Error Policies in Practice

  • Fail fast (default): first failure cancels the chain; collect()/stream() raises PipelineError.
  • Ignore: errors are dropped; successful results continue to flow.
  • Collect: errors are yielded/returned interleaved with successful results; callers separate data from errors.

Performance Notes

  • Best for I/O-bound workloads with 10²–10⁵ items.
  • Memory is bounded by stream queue sizes and any state accumulated by stateful steps.
  • Unordered modes (Take, Skip) enable early termination and lower memory use.

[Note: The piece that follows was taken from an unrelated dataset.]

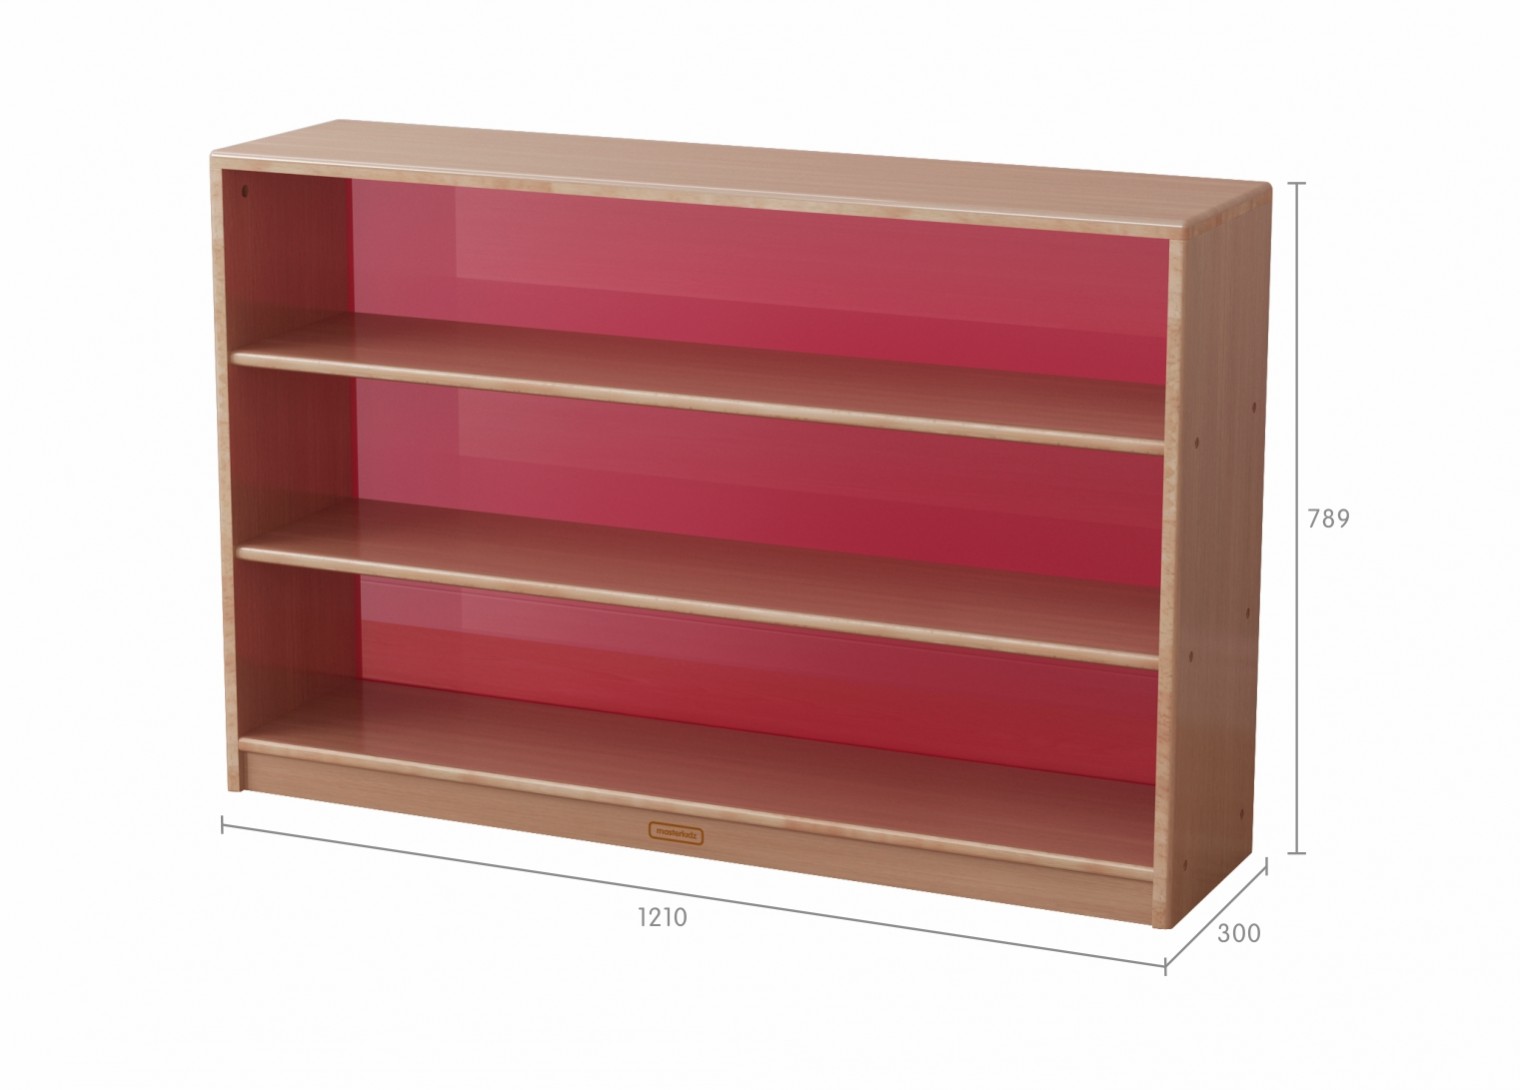 Forest School - 789H x 1210L Wooden  Shelving Unit - Translucent Red Back
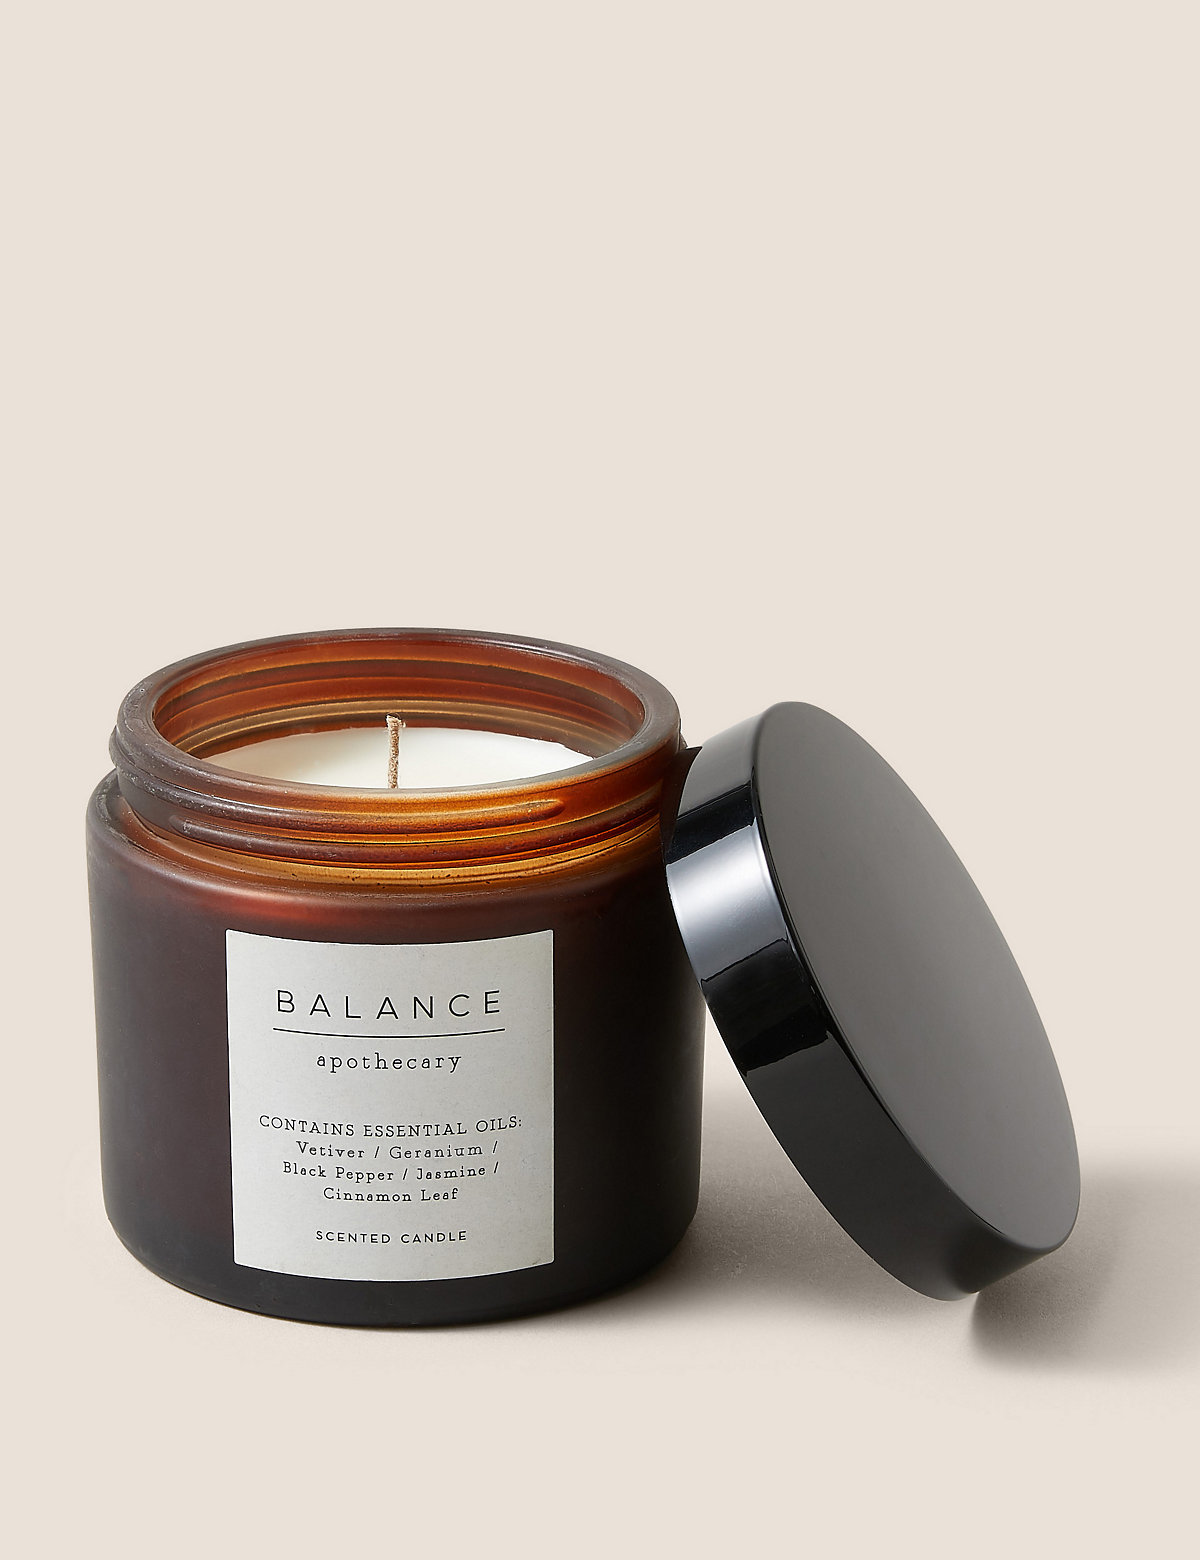 Balance Scented Candle

Public API Surface (__init__.py)

Top-level imports for end users:

  • Pipeline, ErrorPolicy, PipelineError
  • Steps: Map, Filter, FlatMap, Reduce, Batch, GroupBy, Distinct, Sort, Take, Skip, AsyncIteratorStep

Cross-References

  • Examples (examples/): end-to-end usage, streaming patterns, LLM evaluation.
  • Tests (tests/):
    • Concurrency and streaming: test_concurrency.py, test_streaming_patterns.py
    • Error handling & policies: test_error_handling.py, test_advanced_error_propagation.py
    • Steps behavior: tests/steps/*
    • Directional cancellation: test_directional_cancellation.py
    • Memory and performance: test_memory_efficiency.py, test_performance.py
    • Reader/writer semantics: test_stream_reader_writer.py

Troubleshooting

  • Hanging or slow: check for blocking code in steps; ensure async I/O is awaited; reduce max_concurrent_tasks if needed.
  • Unexpected ordering: collecting with ErrorPolicy.COLLECT preserves event order by Index; stream() yields in completion order.
  • Early stop not working: ensure the terminating step completes its output stream; confirm processors check is_completed()/use CancellationScope.
  • Out-of-memory: prefer unordered Take/Skip, avoid stateful steps on huge inputs, and keep queue sizes bounded.

For deeper details, see module docstrings and inline comments in src/relais/ and open the corresponding tests to validate assumptions.